Steve Yelvington, journalist and media strategist, received this response regarding the St. Petersburg Times’ new Mug Shots gallery:

In an email to several journalism-related lists, Nora Paul of the University of Minnesota declared: “I think it borders on journalistic malpractice! … Journalism should be about putting important events in a community into context. This doesn’t.”

Yelvington offers his own insight into the detriments of a digital world where the circle encompassing our private lives shrinks in circumference:

There may be public benefit in knowing John Delaney collected $325,000 as president of the University of North Florida. But do we all need to know that Mary Smith was paid $10,112 as a food-service assistant at the local school district?

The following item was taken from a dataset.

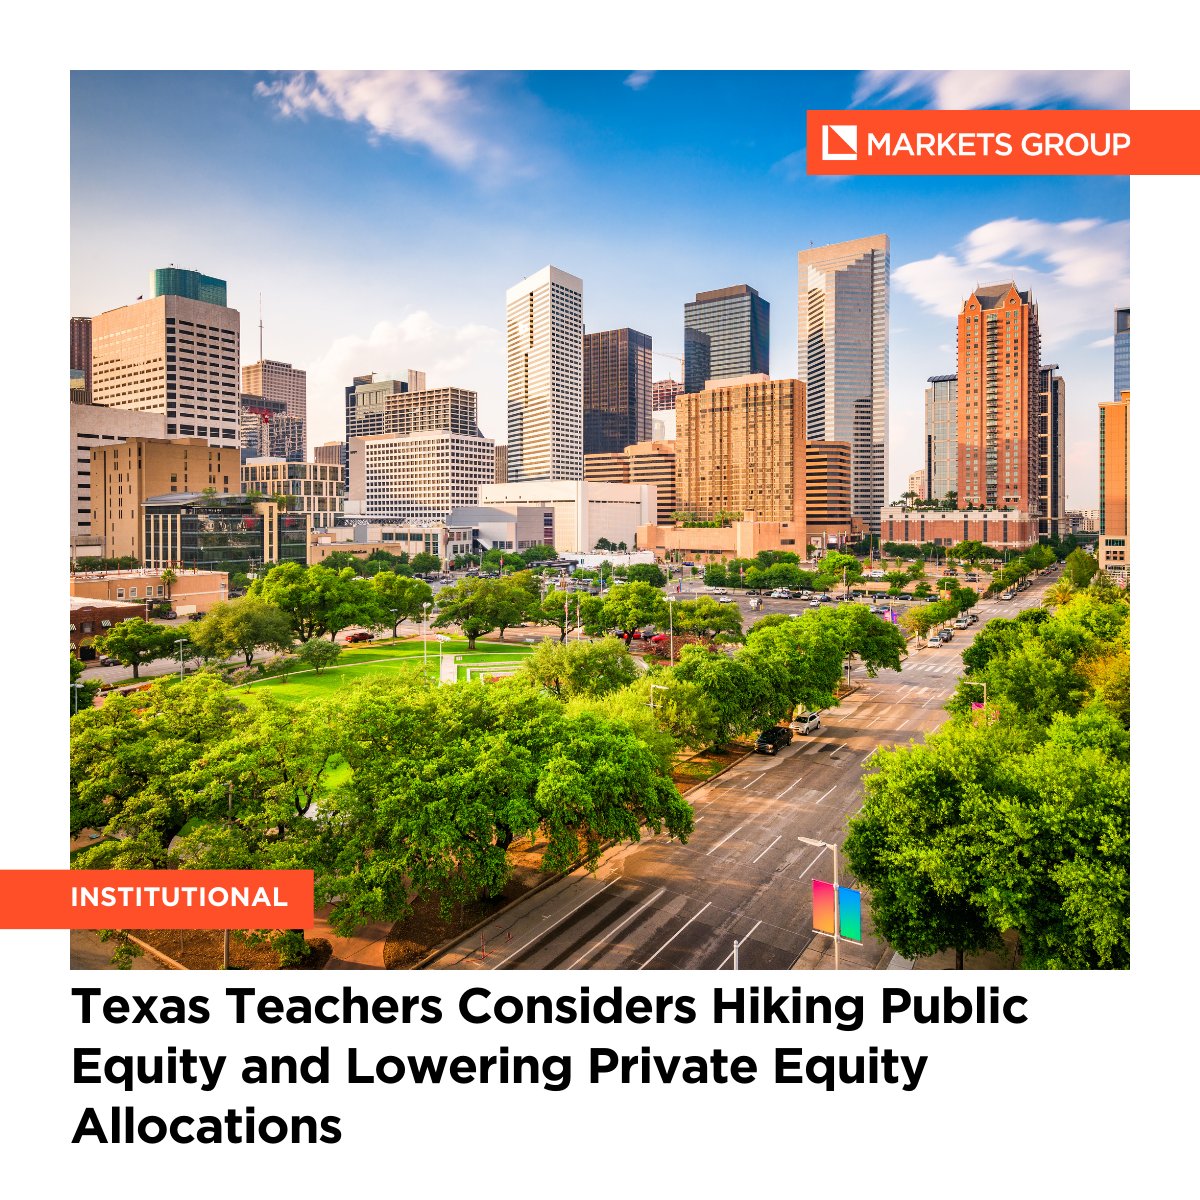 In response to current liquidity needs, the Teacher Retirement System of Texas (TRS) is considering boosting its public equity exposure by reducing its private equity allocation. @muskana_22 has the details: marketsgroup.org/news/Texas-Tea… #marketsgroupnews

Marshall McLuhan predicted that evolving communications technologies would transform the world into a global village. I’ve lived in villages. They are places where people tend to know an awful lot about one another. It can be stifling. A mistake can follow you around for a long time. Some people have to leave town. Public knowledge of everything is not always a good thing.

So what do you think? Is the Times‘ providing a valuable public service with its Mug Shots gallery, or are they doing irreparable harm to people’s reputations and lives?

St. Pete Times is ready for your close-up

A day after St. Petersburg Times media critic Eric Deggans wrote about monetizing the paper’s new Mug Shots site (and joked about selling photo prints of those booked as one option), I went to the Times‘ homepage and found this:

tampabay

It was probably unintentional (the ads rotate), but still rather amusing that just below the Mug Shots ad on the right is a link to the Times‘ photo store.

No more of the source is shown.